Given information:
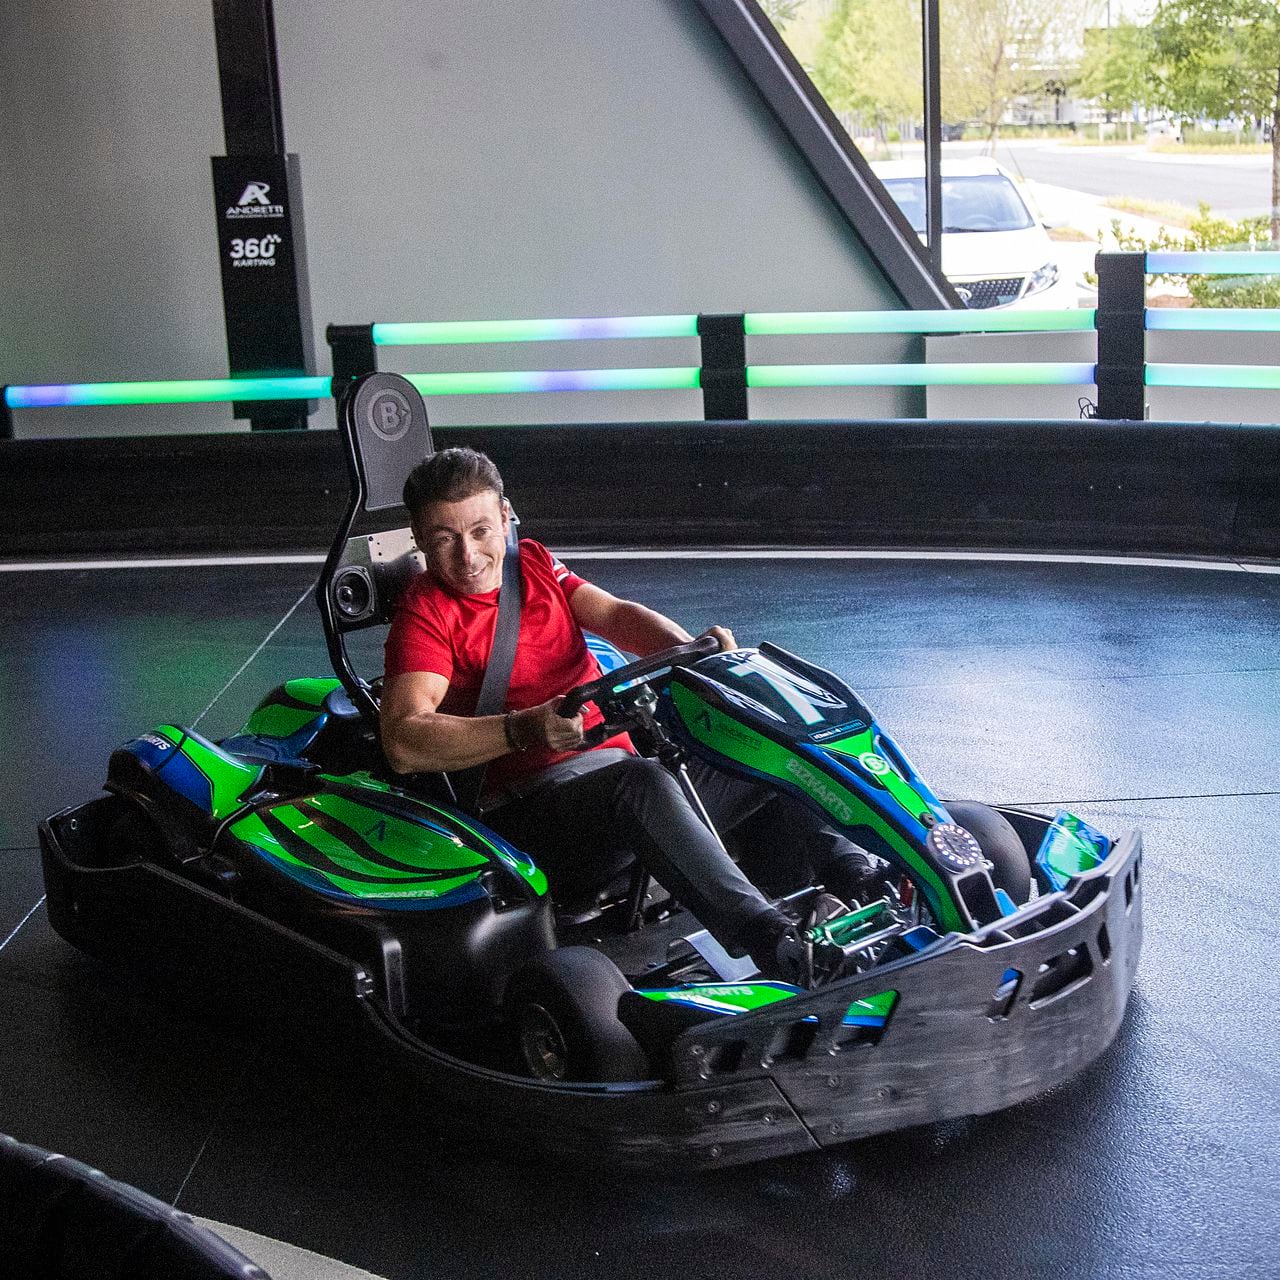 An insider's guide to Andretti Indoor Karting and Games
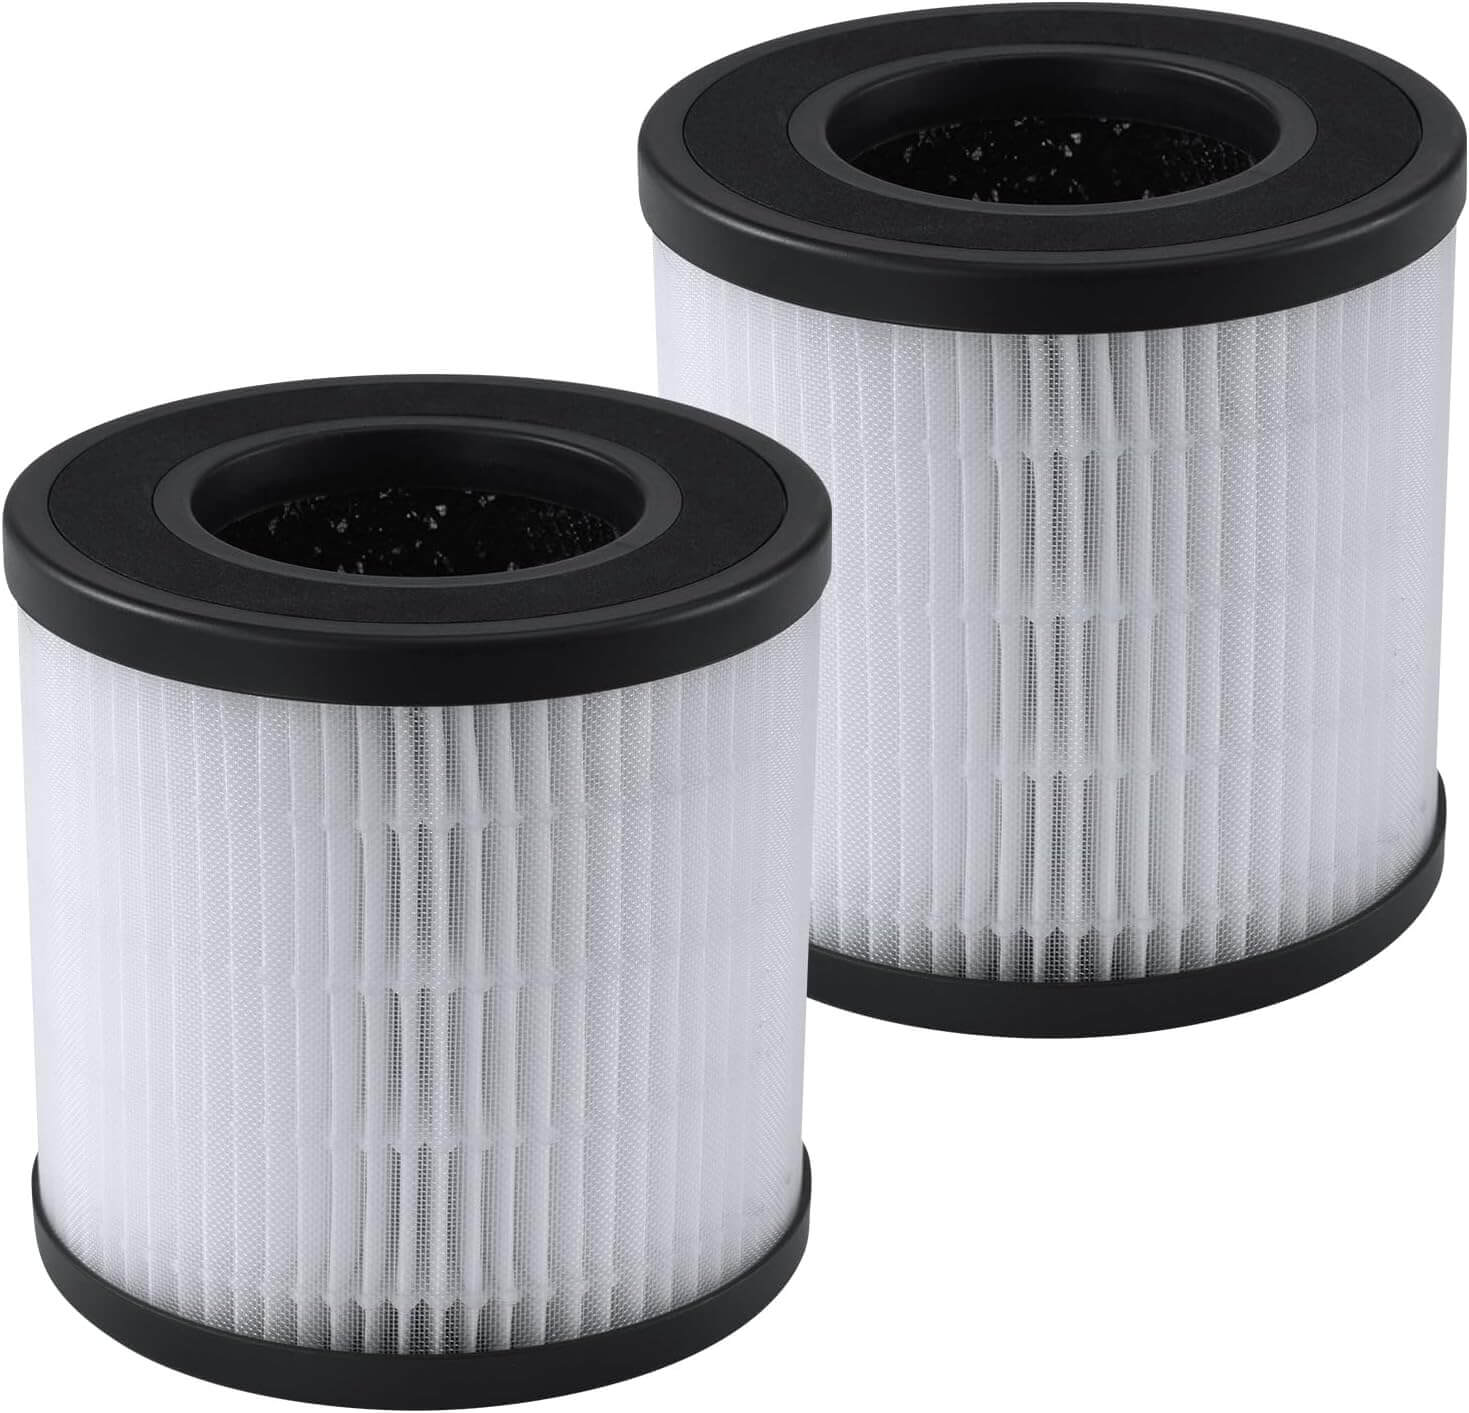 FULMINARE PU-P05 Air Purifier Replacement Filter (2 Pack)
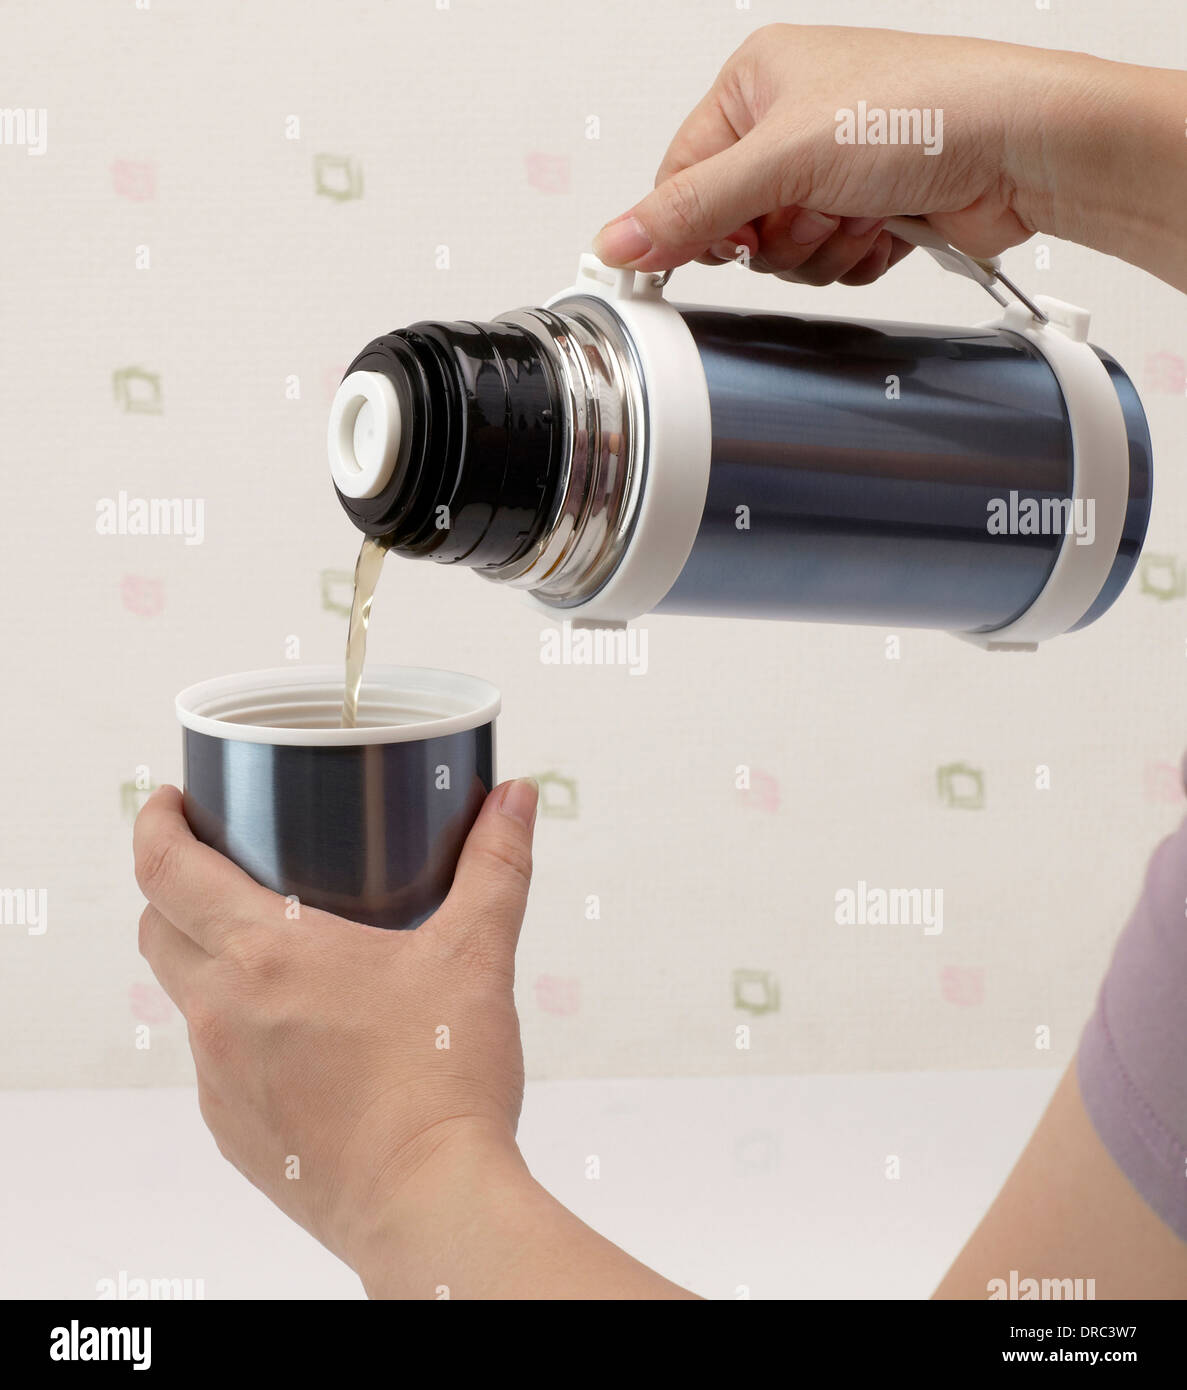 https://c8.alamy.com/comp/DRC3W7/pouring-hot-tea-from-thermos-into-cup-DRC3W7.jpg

The problem:
The result should be the material above, unchanged and free of pictures; please print it.

Answer space:
 An insider's guide to Andretti Indoor Karting and Games
 FULMINARE PU-P05 Air Purifier Replacement Filter (2 Pack)
 https://c8.alamy.com/comp/DRC3W7/pouring-hot-tea-from-thermos-into-cup-DRC3W7.jpg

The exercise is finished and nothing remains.